Surface plasmon polaritons in a semi-bounded degenerate plasma: role of spatial dispersion and collisions

Surface plasmon polaritons (SPPs) in a semi-bounded degenerate plasma (e.g., a metal) are studied using the quasiclassical mean-field kinetic model, taking into account the spatial dispersion of the plasma (due to quantum degeneracy of electrons) and electron-ion (electron-lattice, for metals) collisions. SPP dispersion and damping are obtained in both retarded ($\omega/k_z\sim c$) and non-retarded ($\omega/k_z\ll c$) regions, as well as in between. It is shown that the plasma spatial dispersion significantly affects the properties of SPPs, especially at short wavelengths (less than the collisionless skin depth, $\lambda\lesssim c/\omega_{pe}$).
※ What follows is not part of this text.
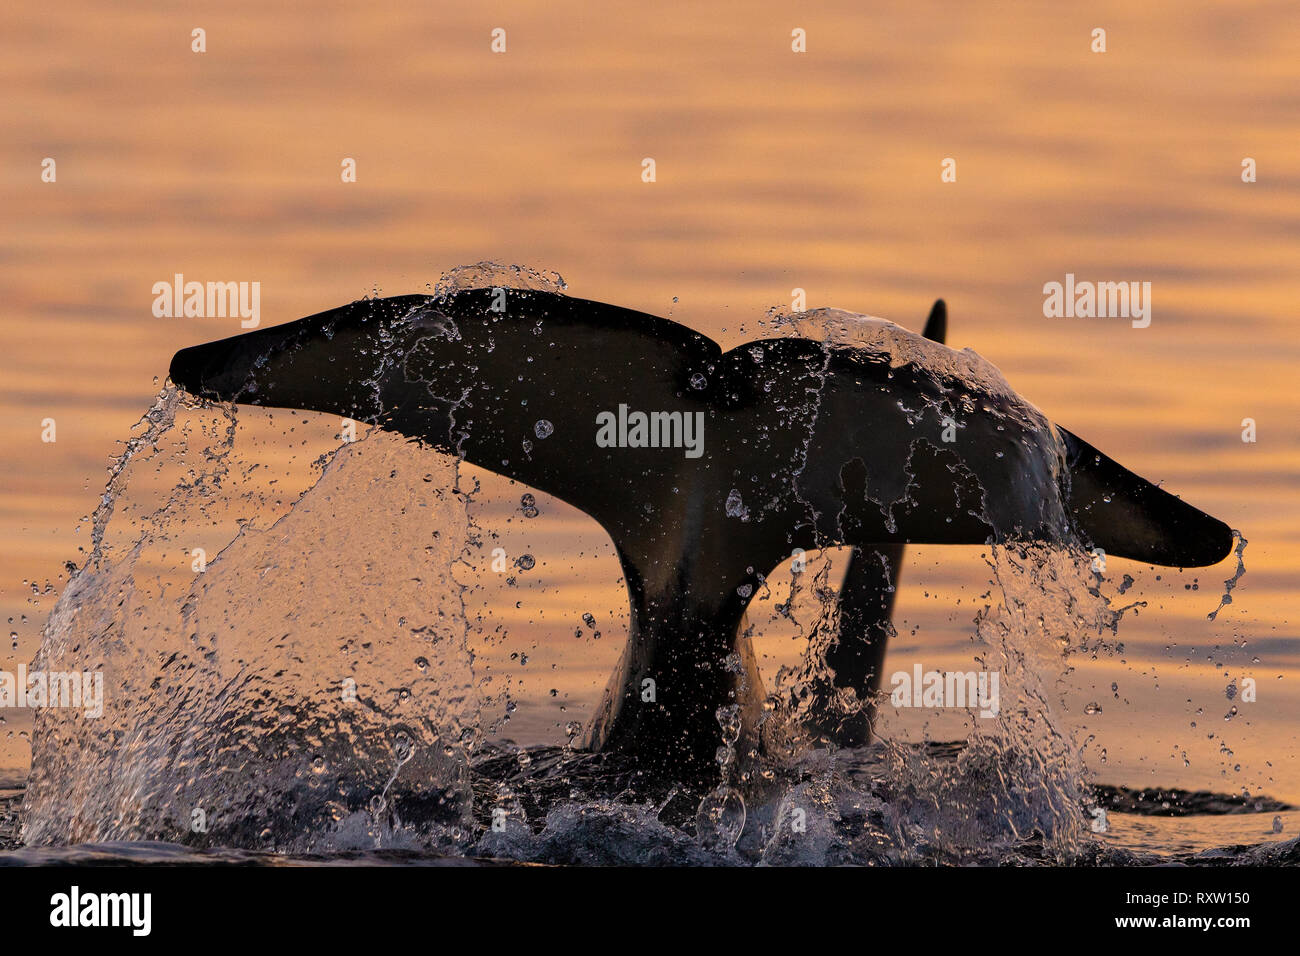 Cola de orcinus orca residente del norte que salpicaba cerca en el estrecho de Queen Charlotte, archipiélago de Broughton, Territorio de las primeras Naciones, Columbia Británica, Canadá. Foto de stock

Namely, the collisionless (Landau) damping of SPPs (due to spatial dispersion) is comparable to the purely collisional (Ohmic) damping (due to electron-lattice collisions) in a wide range of SPP wavelengths, e.g., from $\lambda\sim20$ nm to $\lambda\sim0.8$ nm for SPP in gold at T=293 K, and from $\lambda\sim400$ nm to $\lambda\sim0.7$ nm for SPPs in gold at T=100 K. The spatial dispersion is also shown to affect, in a qualitative way, the dispersion of SPPs at short wavelengths $\lambda\lesssim c/\omega_{pe}$.